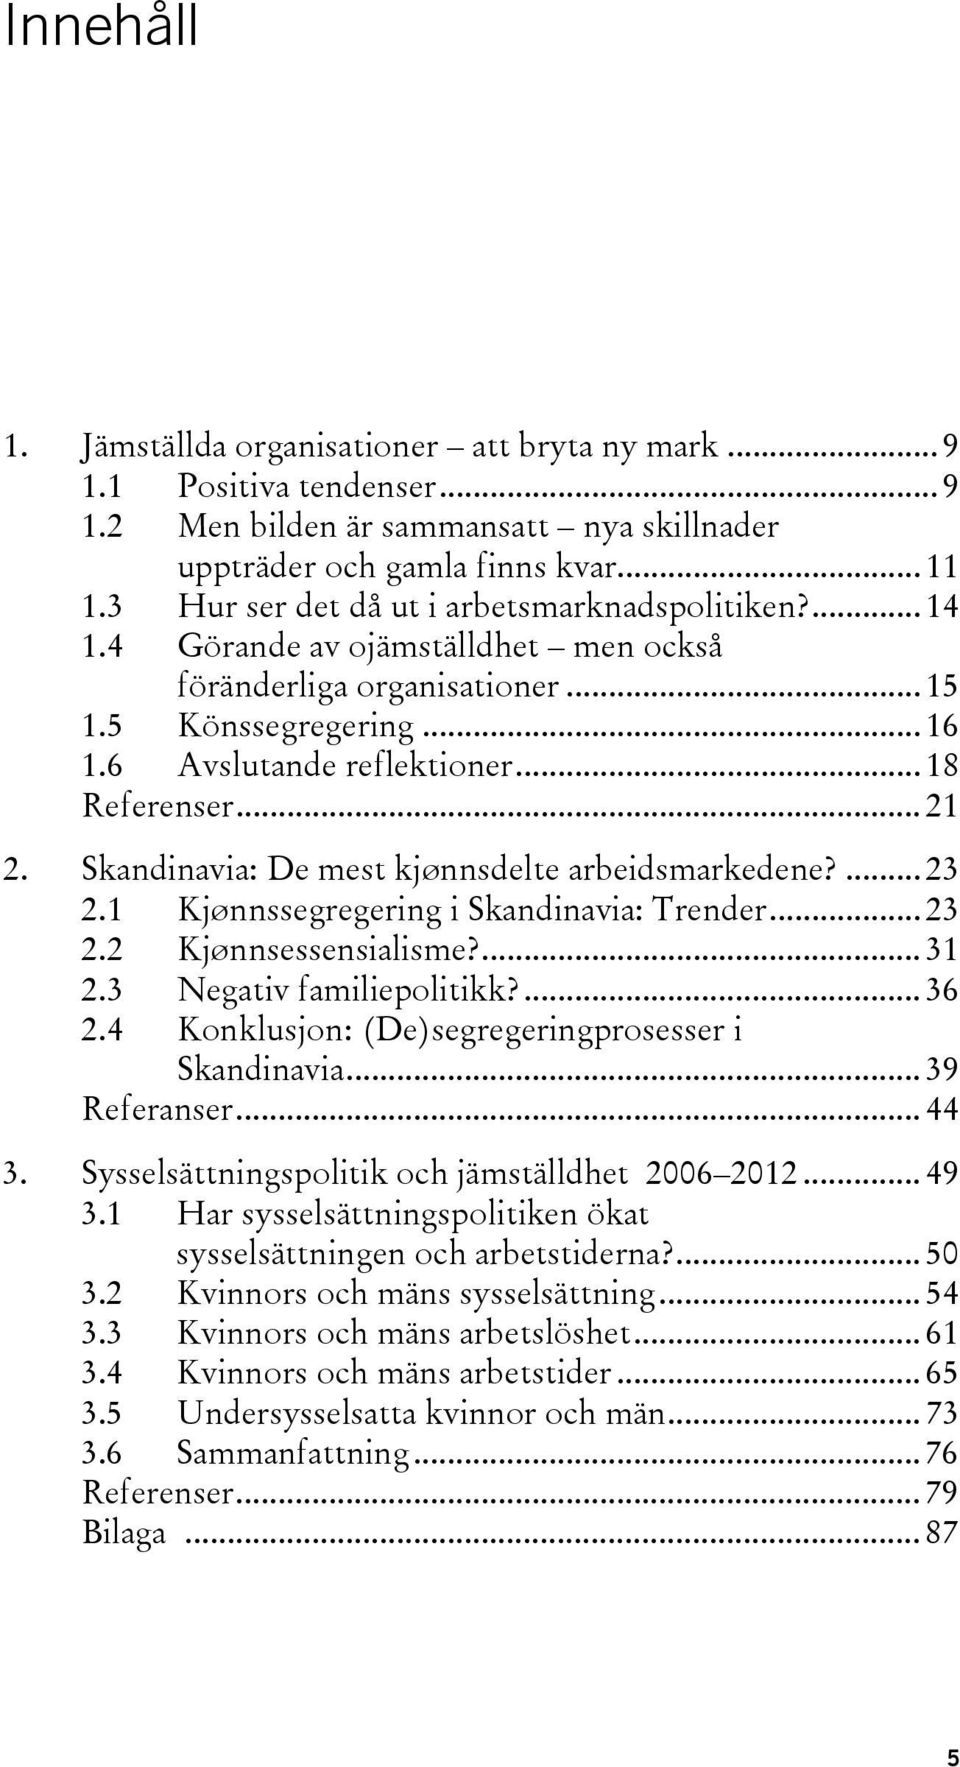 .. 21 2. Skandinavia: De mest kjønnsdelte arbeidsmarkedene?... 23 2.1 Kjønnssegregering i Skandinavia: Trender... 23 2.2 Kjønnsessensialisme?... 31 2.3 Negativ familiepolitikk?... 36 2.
...
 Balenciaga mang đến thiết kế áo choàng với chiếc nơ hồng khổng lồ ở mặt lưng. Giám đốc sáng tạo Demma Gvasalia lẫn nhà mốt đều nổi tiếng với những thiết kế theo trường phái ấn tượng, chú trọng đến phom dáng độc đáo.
--
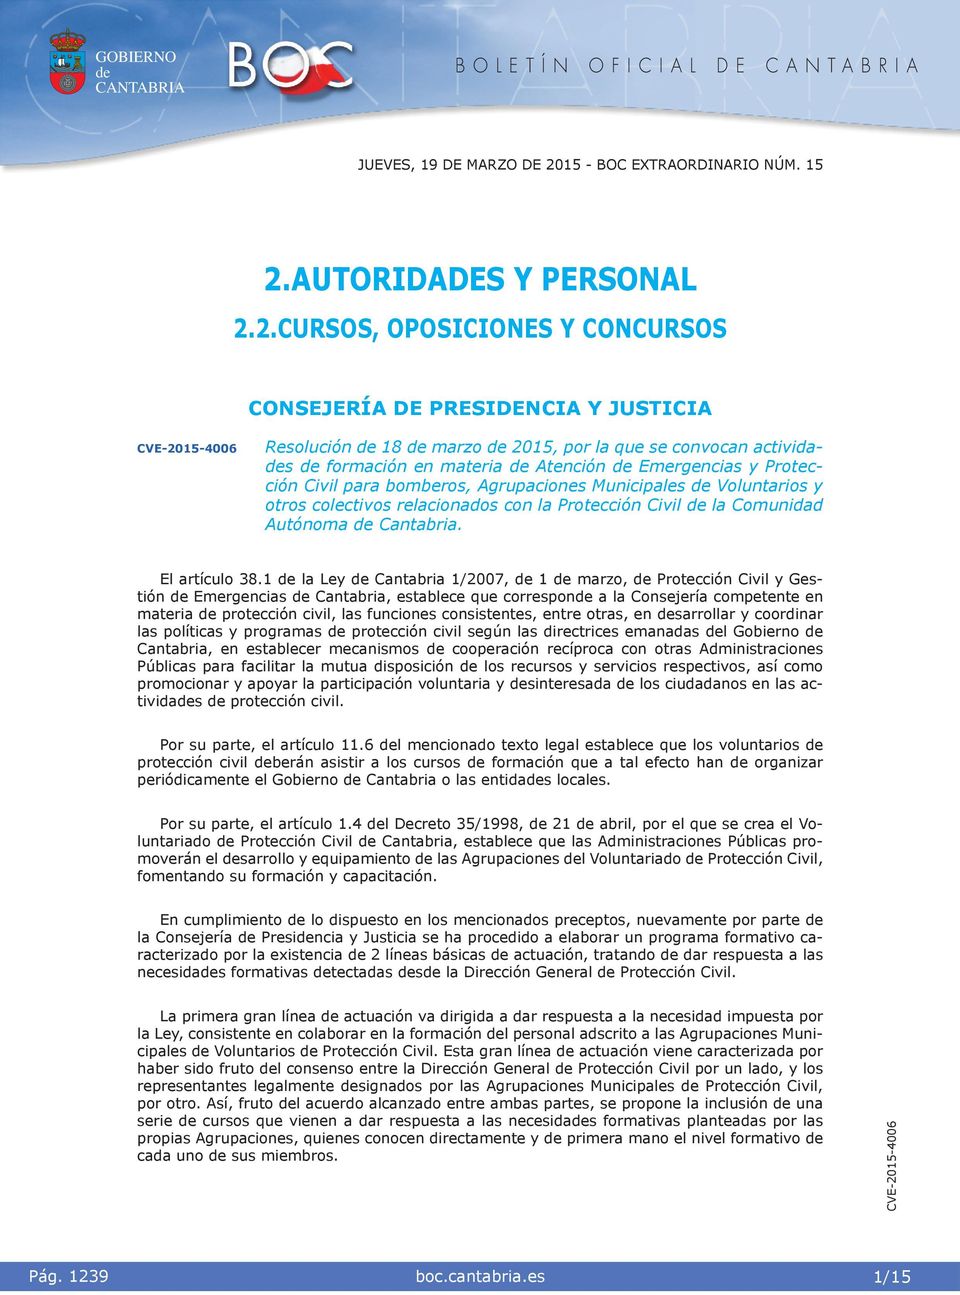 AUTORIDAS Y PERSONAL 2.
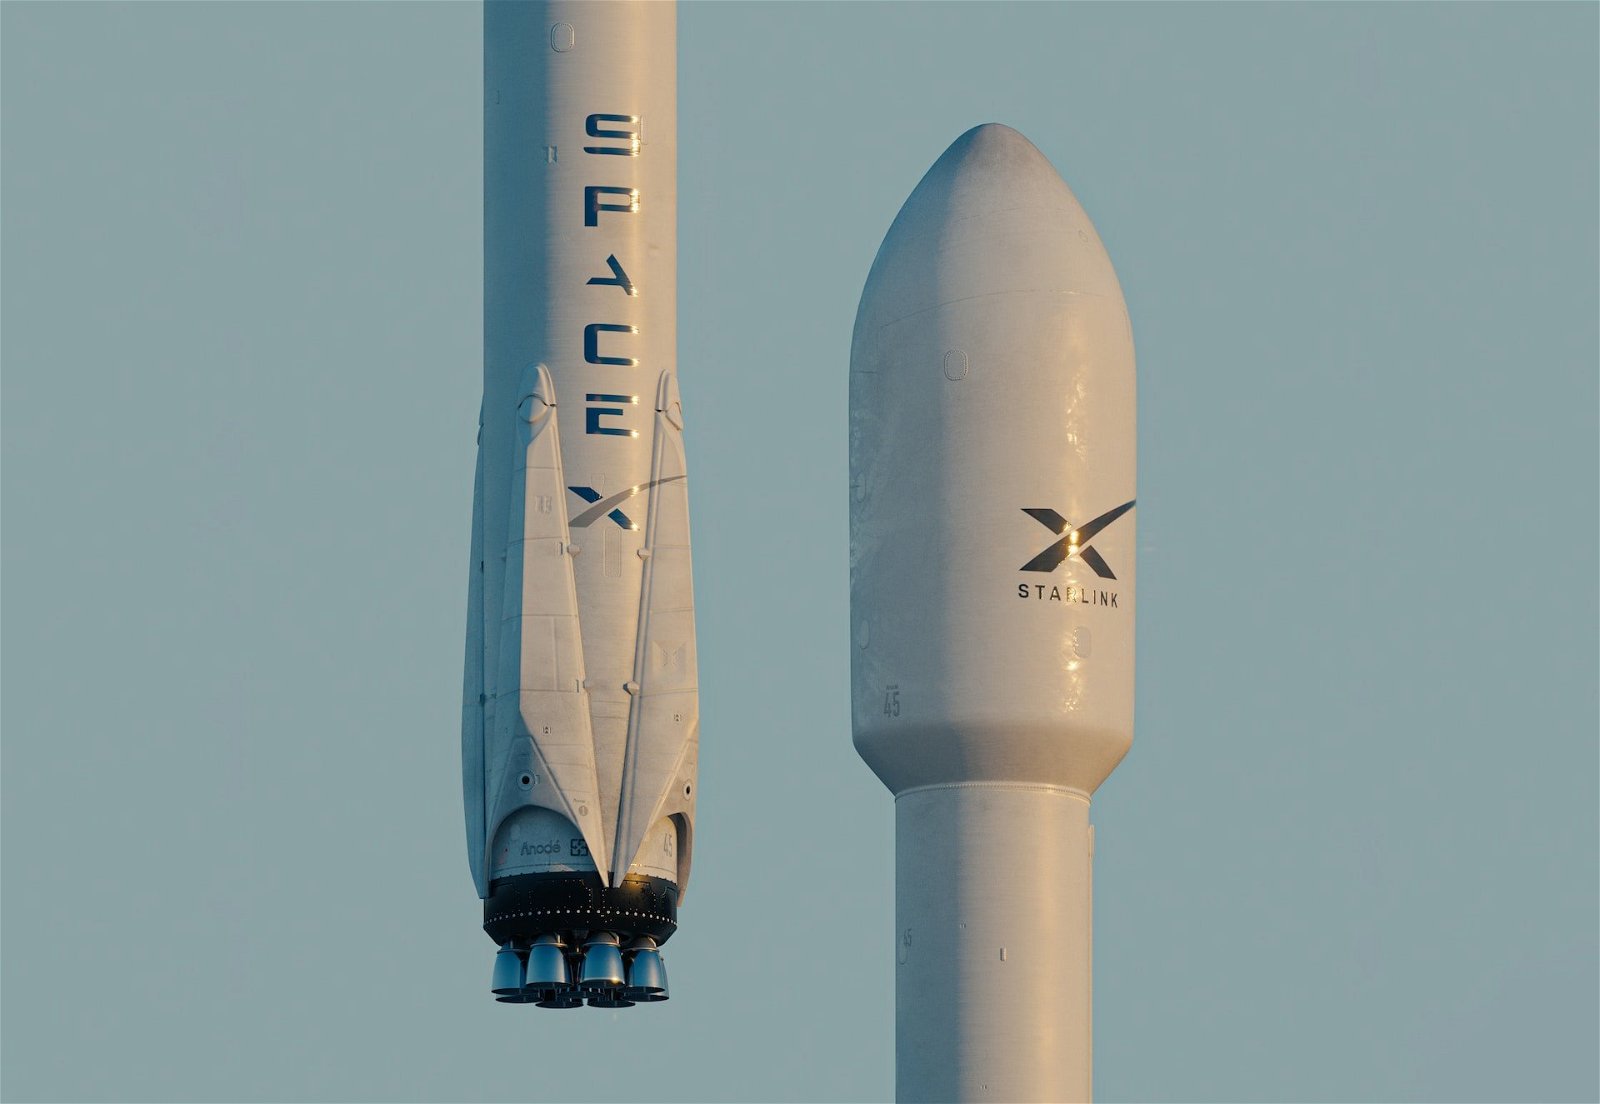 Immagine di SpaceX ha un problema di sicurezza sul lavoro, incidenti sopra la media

● **The task**
Look above for the line containing "AUTORIDAS Y PERSONAL 2.", then write out every line from there down to the line containing "Immagine di SpaceX", that line included, with no pictures.

● **Result of this exercise**
 AUTORIDAS Y PERSONAL 2.
 Immagine di SpaceX ha un problema di sicurezza sul lavoro, incidenti sopra la media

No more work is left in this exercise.